Работая в журнале «Вчера и сегодня», мне приходилось много разъезжать, и в университете я взяла отпуск без сохранения жалованья на два года.

У Гавейна тоже кое-что изменилось – правда, жизнь его осталась прежней, но протекала в других краях. Его компания наконец решилась разместить на Сейшелах несколько супертраулеров для промышленного лова тунца, и он был назначен капитаном одной из этих огромных плавучих баз, названной «Рагнес». Первые полгода дали хорошие результаты, но по письмам Гавейна, несмотря на всю его скрытность, я догадывалась, что он несчастлив. Дакар был как бы филиалом Франции, там было много его земляков, и говорили там по-французски. А на Маэ, где государственным языком был английский, он чувствовал себя на краю света, и ему было очень одиноко. Он признавался, что ему не терпится вернуться домой до наступления «индийской зимы», когда дуют муссоны и бушует океан.

А во Франции стояла до боли прекрасная весна, время, когда даже безнадежно увядшая любовь раскрывает свои лепестки, когда хочется стать птицей, ни о чем не думать и только наслаждаться жизнью, пусть даже мимолетным, но счастьем. В такие дни достаточно повеять теплому ветерку, чтобы к вам вернулись ваши двадцать лет.

Я провожала Гавейна в Орли после очередного обеда вдвоем – с этих обедов я всегда уходила несолоно хлебавши. Согнувшись в три погибели в моей малолитражке, он заполнял все свободное пространство, и его мощные плечи, такие трогательные широкие колени, упиравшиеся в приборный щиток, кудрявая голова, касавшаяся потолка, и руки, которые в городе всегда выглядели непомерно большими, пробудили во мне нечто большее, чем воспоминания. Не высказанные нами чувства бились в тесной кабине, и воздух стал густым от сдерживаемого желания. Я хотела что-то сказать, но не находила слов, и вдруг рука Гавейна легла на мое бедро. Я чувствовала, как она дрожит.

– Да, – шепнула я.

Много всего было в этом «да»: да, я все еще люблю тебя, но да, слишком поздно, не будем же мы играть в эту игру всю жизнь, это становится смешным, не правда ли?
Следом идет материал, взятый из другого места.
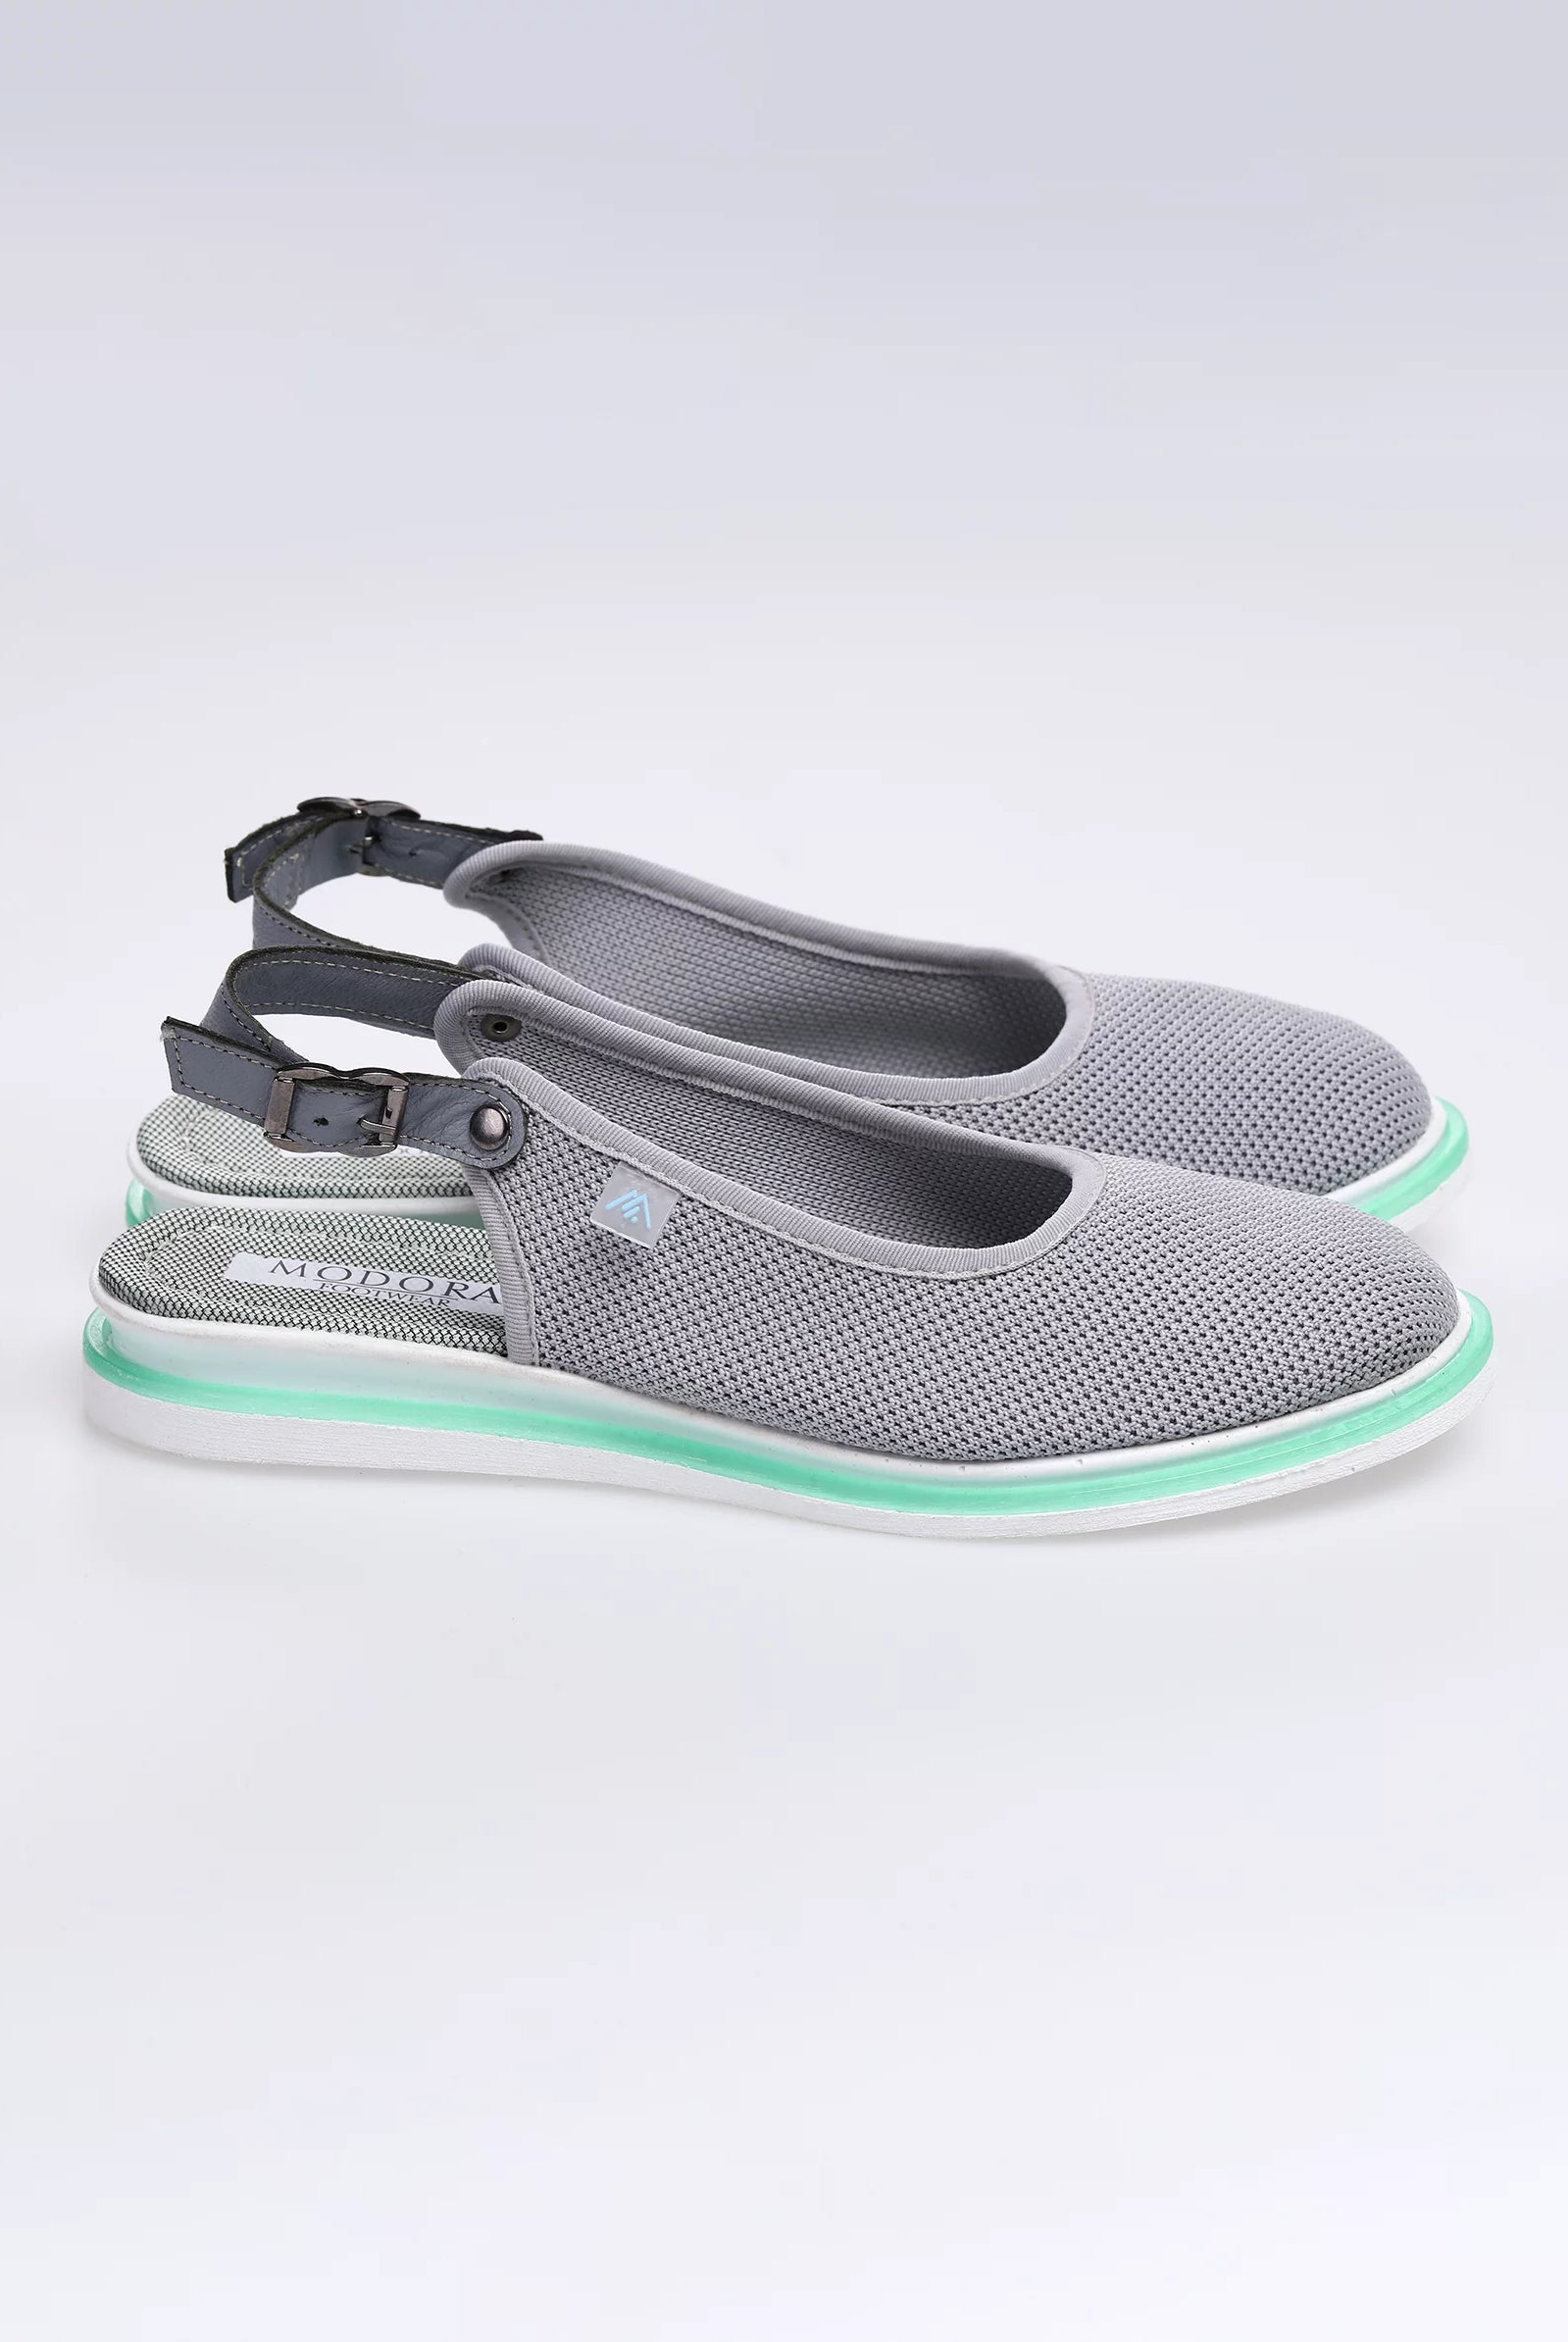 grey flat shoes uk

Он прижался, как когда-то, виском к моим волосам, и всю дорогу до подземной автостоянки мы не проронили ни слова. Жизнь вдруг показалась нам ужасно жестокой, а вся эта весна – ненужной.

Когда я завела машину на третий этаж адского подземелья, он почти грубо схватил меня за руку, будто почувствовал, что на этот раз не может так просто со мной расстаться.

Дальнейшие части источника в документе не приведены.